WHAT YOU HAVE TO DO:
All lines from the one containing "ICT Awards 2018" to the end of the listing below should be output exactly; omit the pictures.

+++ LISTED RECORDS

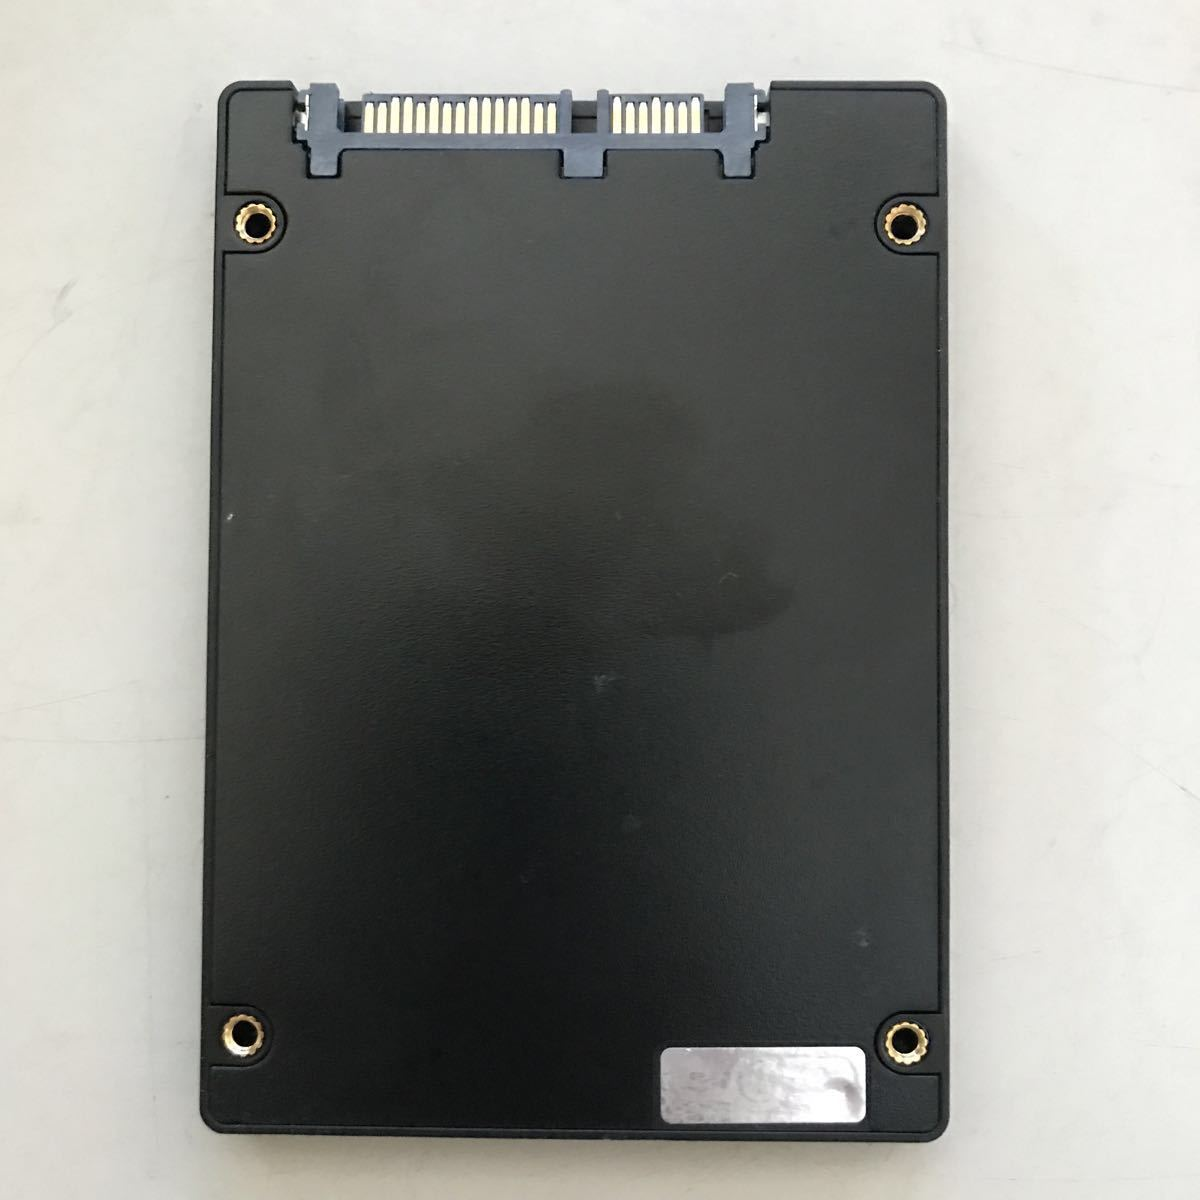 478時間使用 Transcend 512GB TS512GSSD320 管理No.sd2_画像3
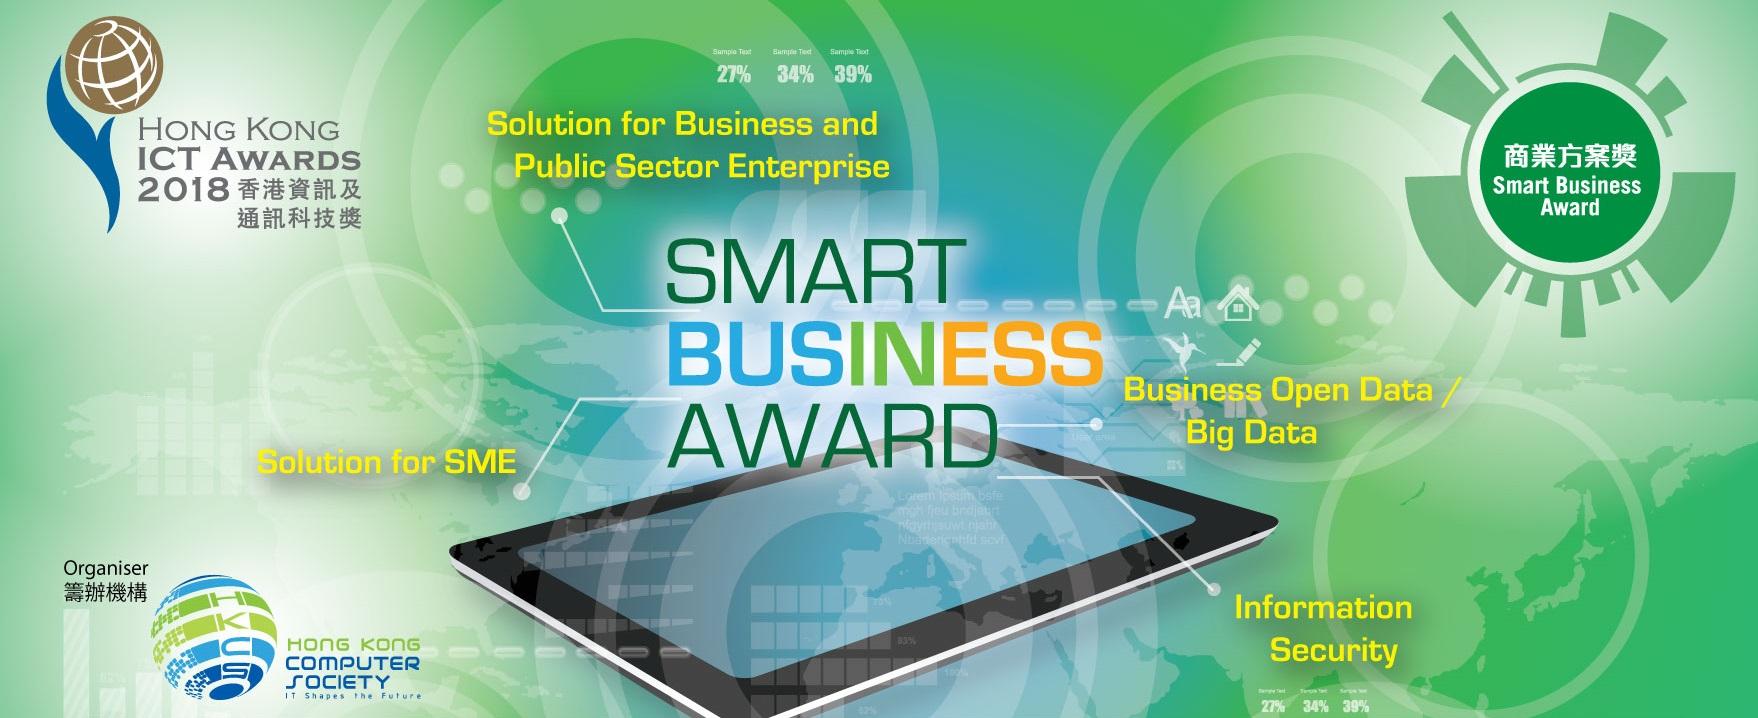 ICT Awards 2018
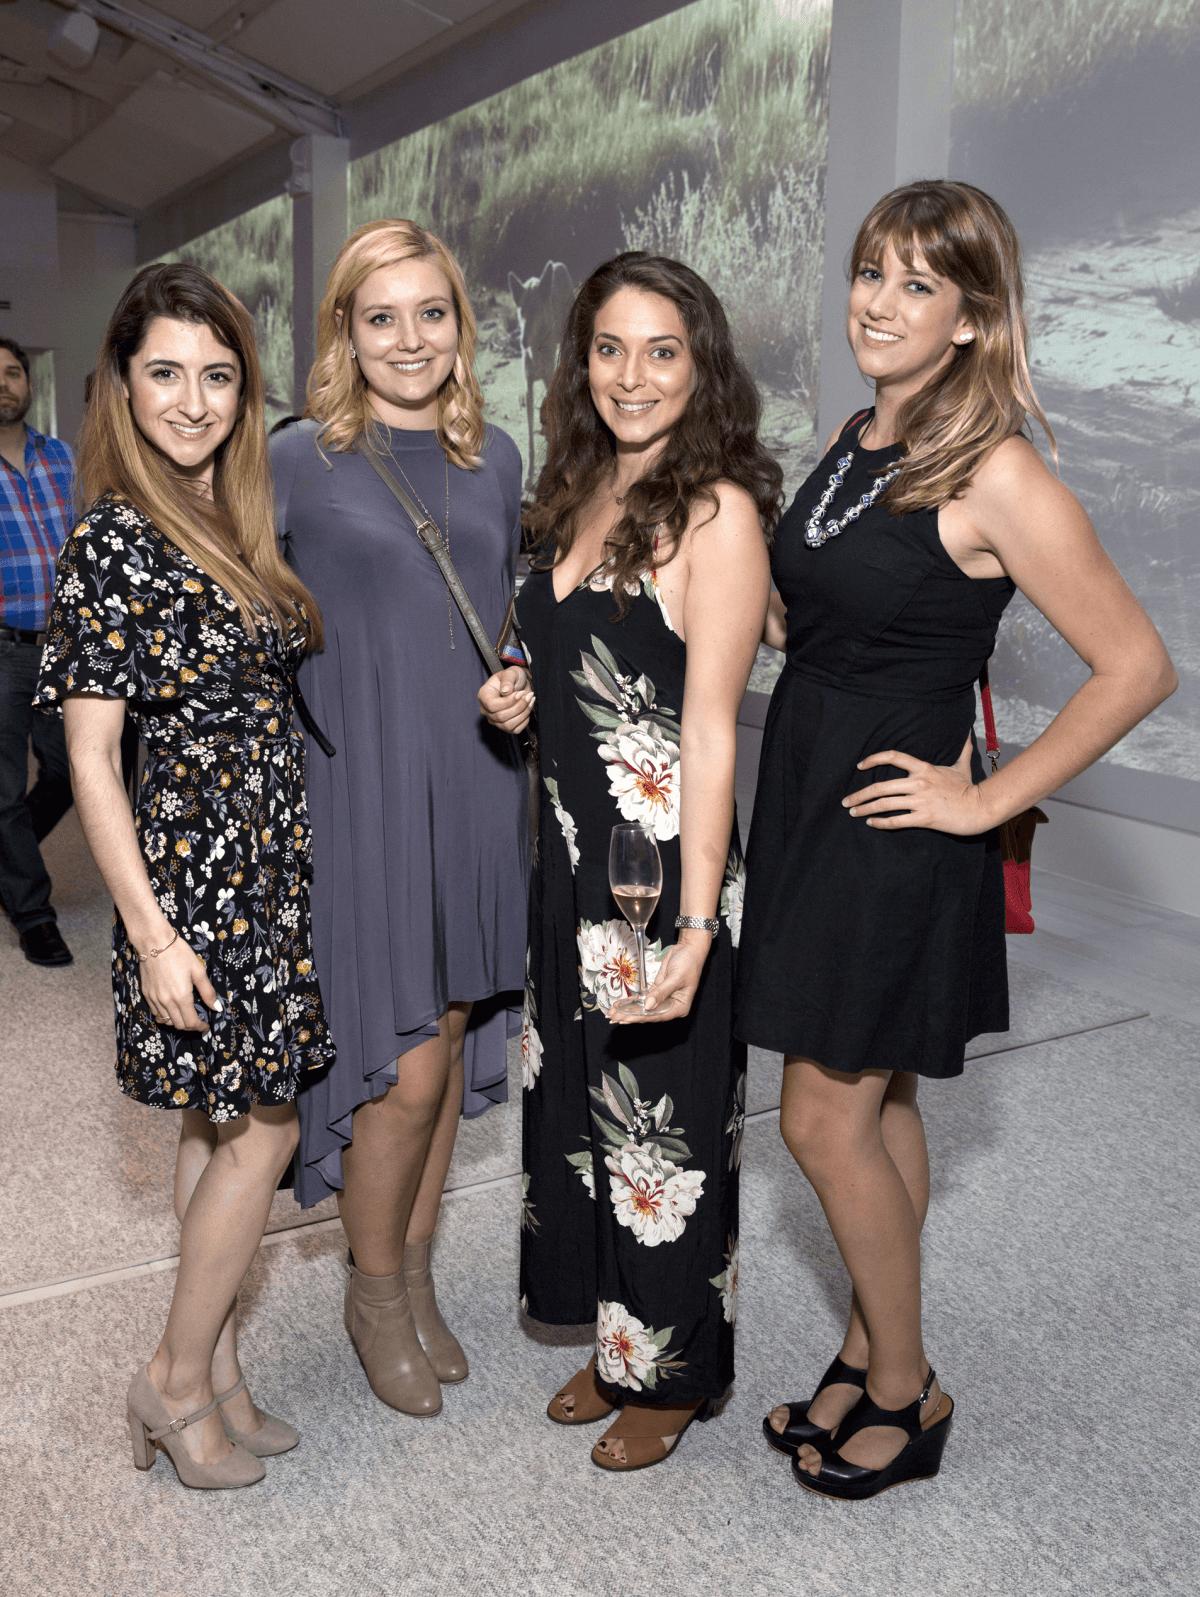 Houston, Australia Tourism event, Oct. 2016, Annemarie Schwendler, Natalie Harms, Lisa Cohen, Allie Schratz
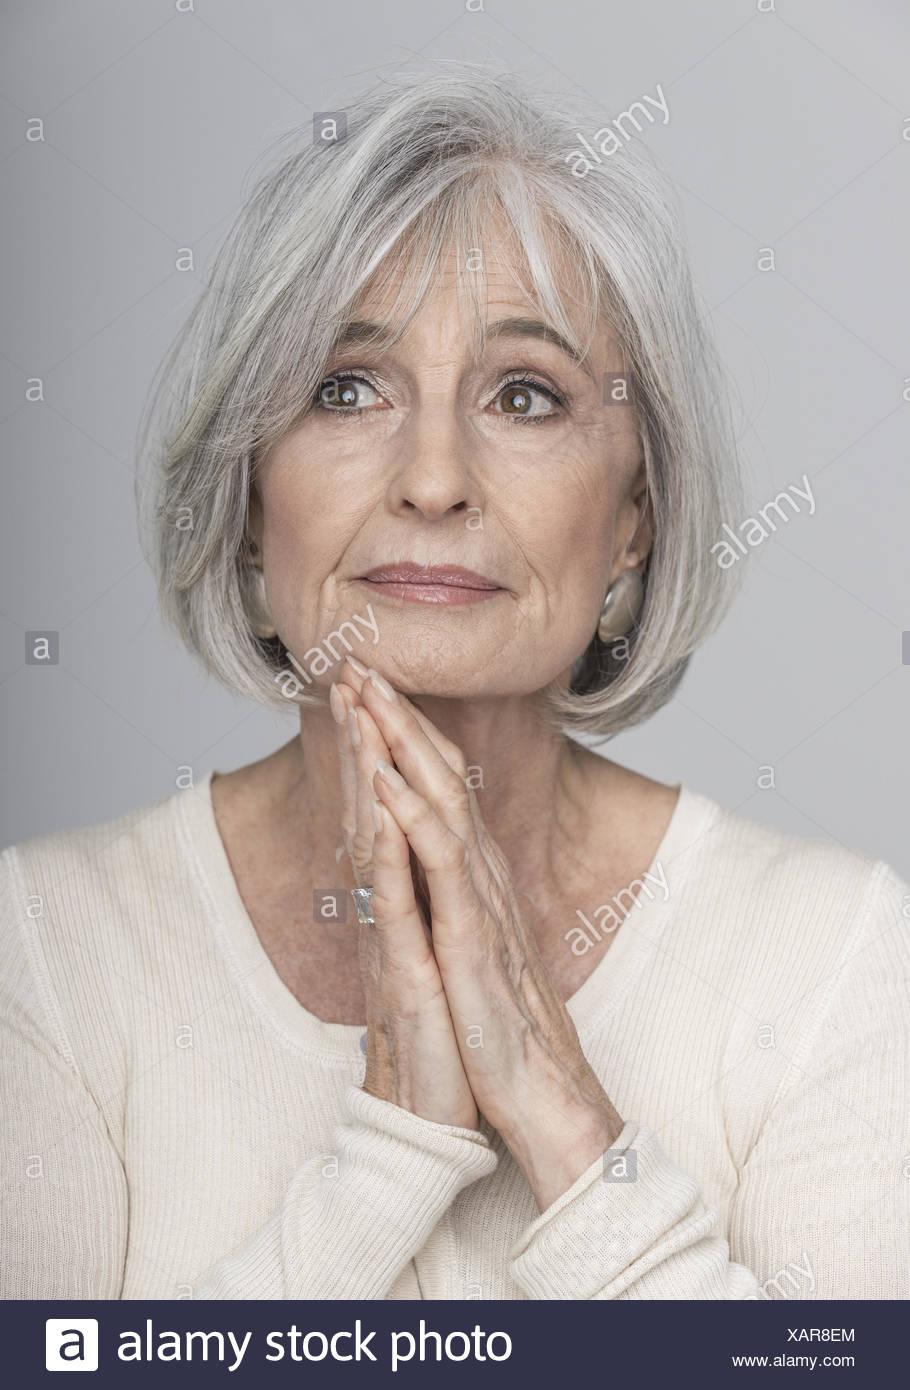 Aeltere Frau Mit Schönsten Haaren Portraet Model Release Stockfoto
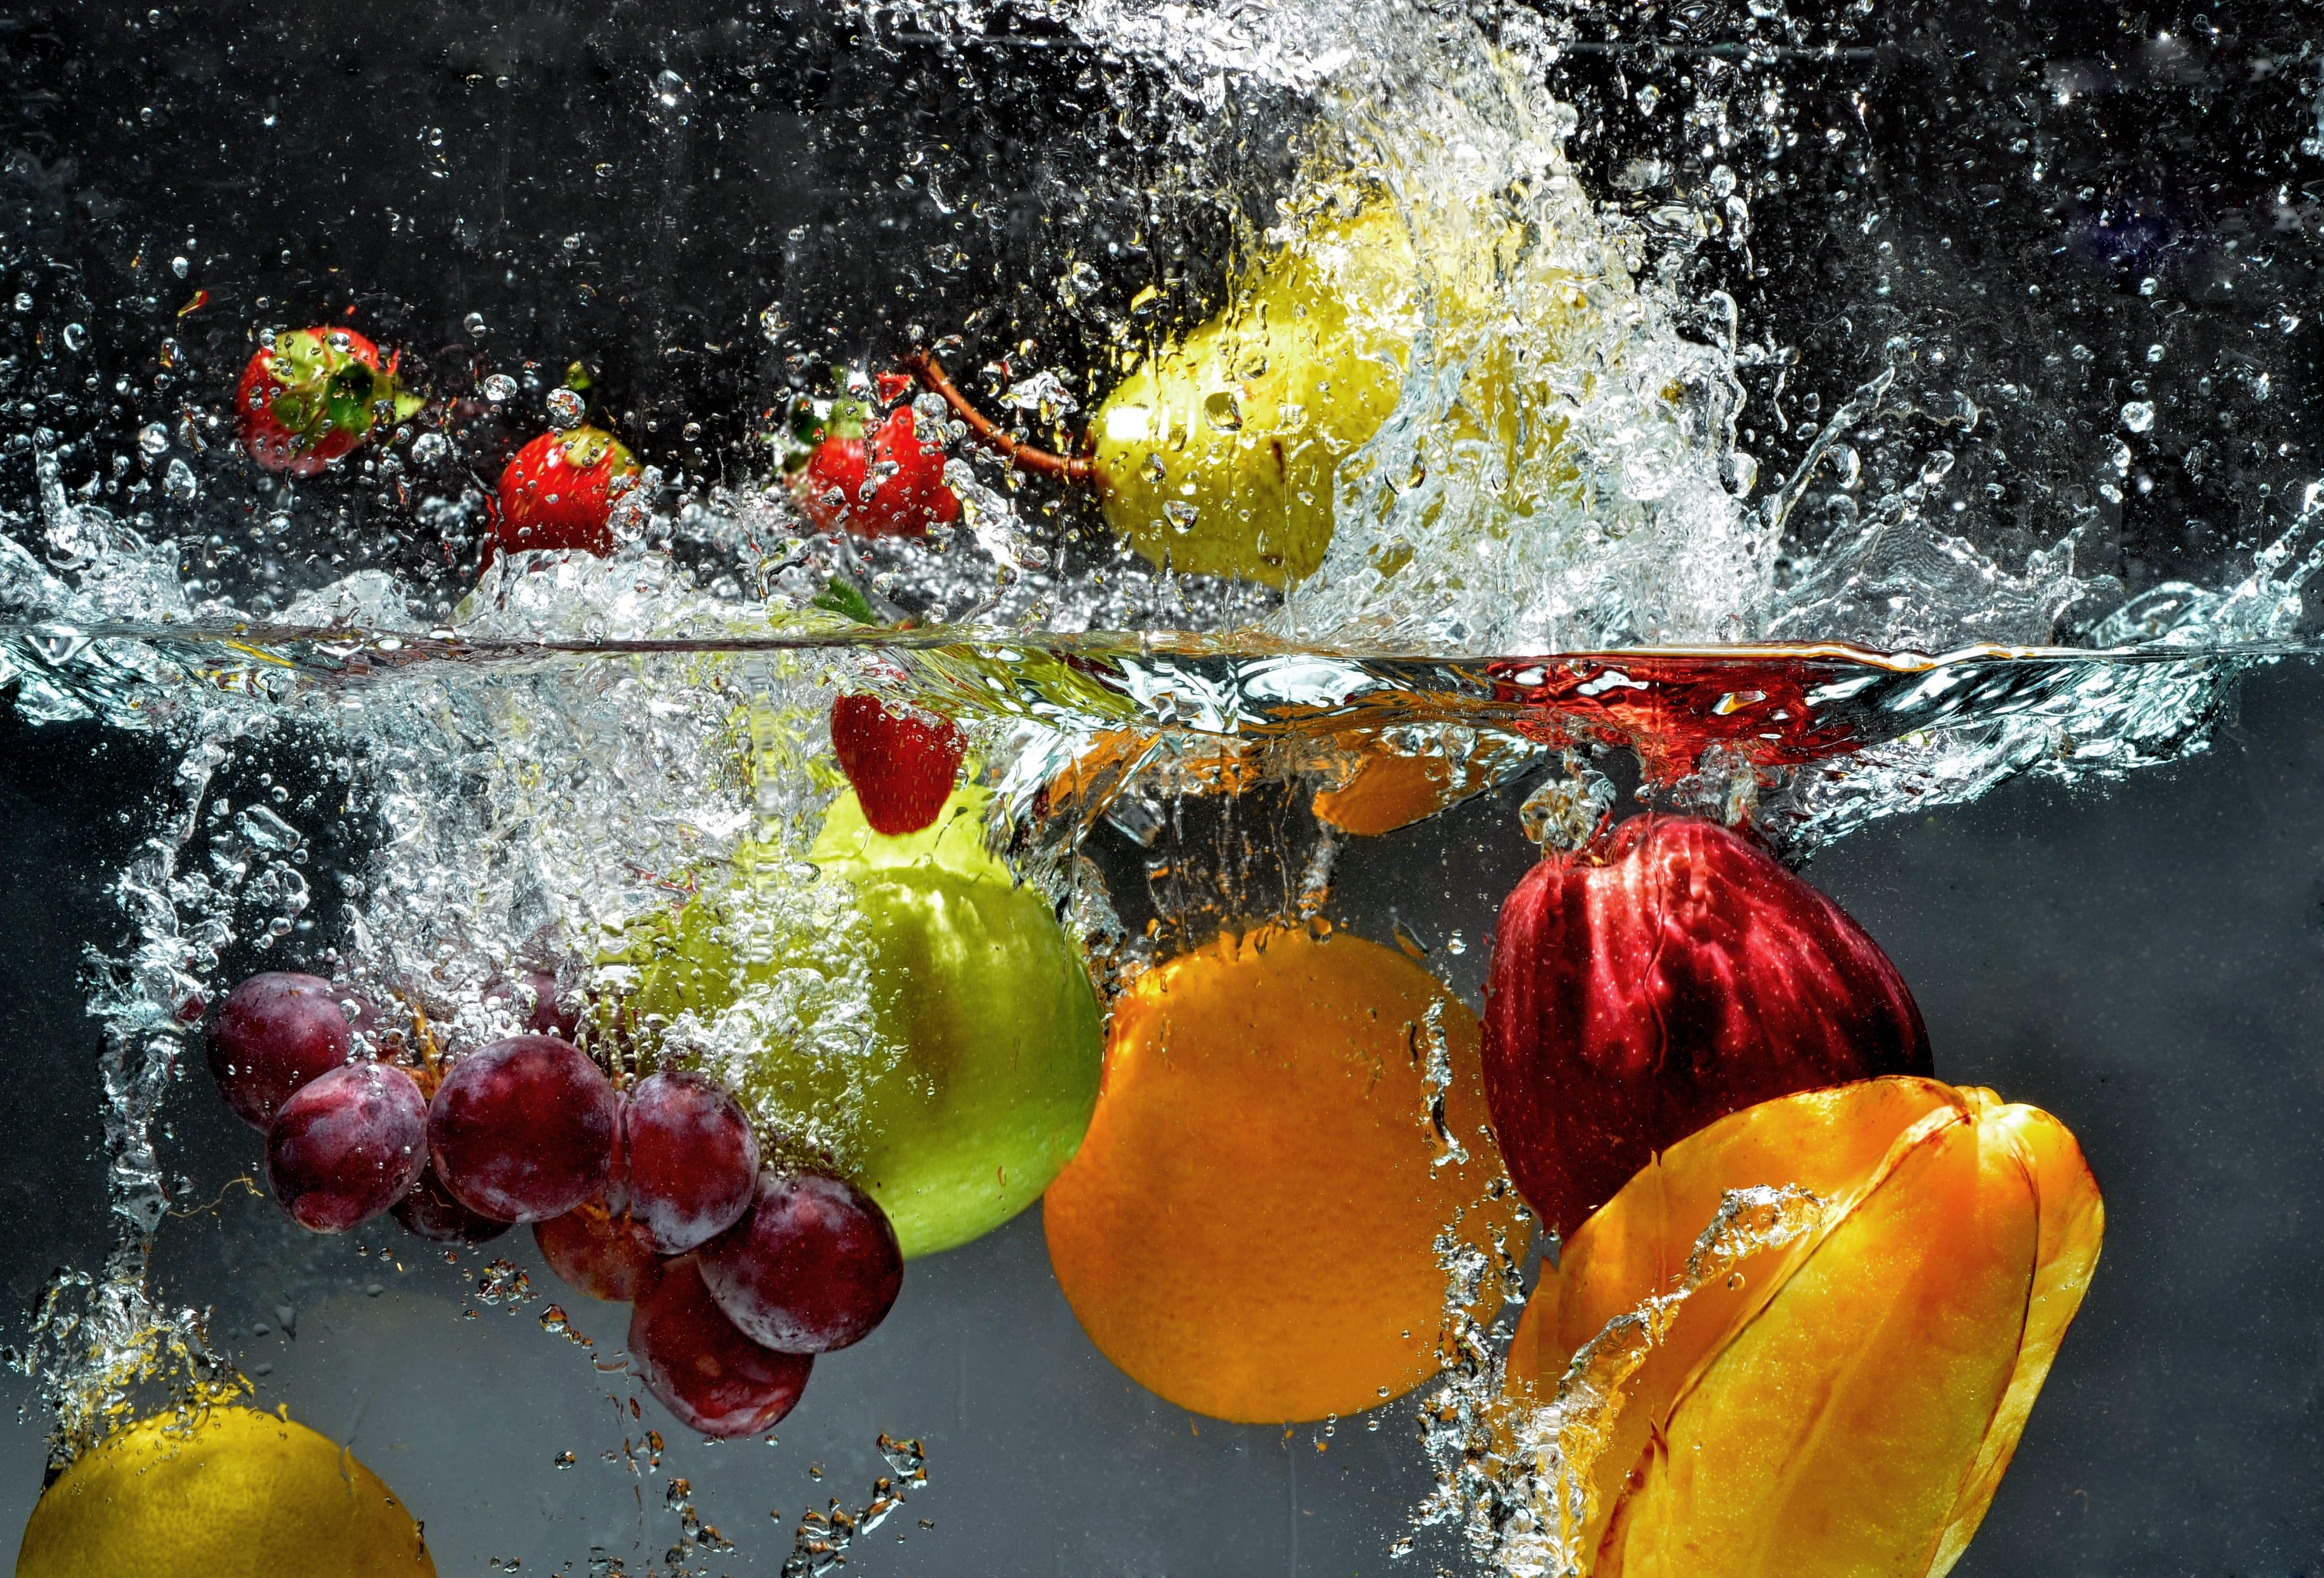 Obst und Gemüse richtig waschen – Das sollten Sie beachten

++++++

TASK RESULT:
 ICT Awards 2018
 Houston, Australia Tourism event, Oct. 2016, Annemarie Schwendler, Natalie Harms, Lisa Cohen, Allie Schratz
 Aeltere Frau Mit Schönsten Haaren Portraet Model Release Stockfoto
 Obst und Gemüse richtig waschen – Das sollten Sie beachten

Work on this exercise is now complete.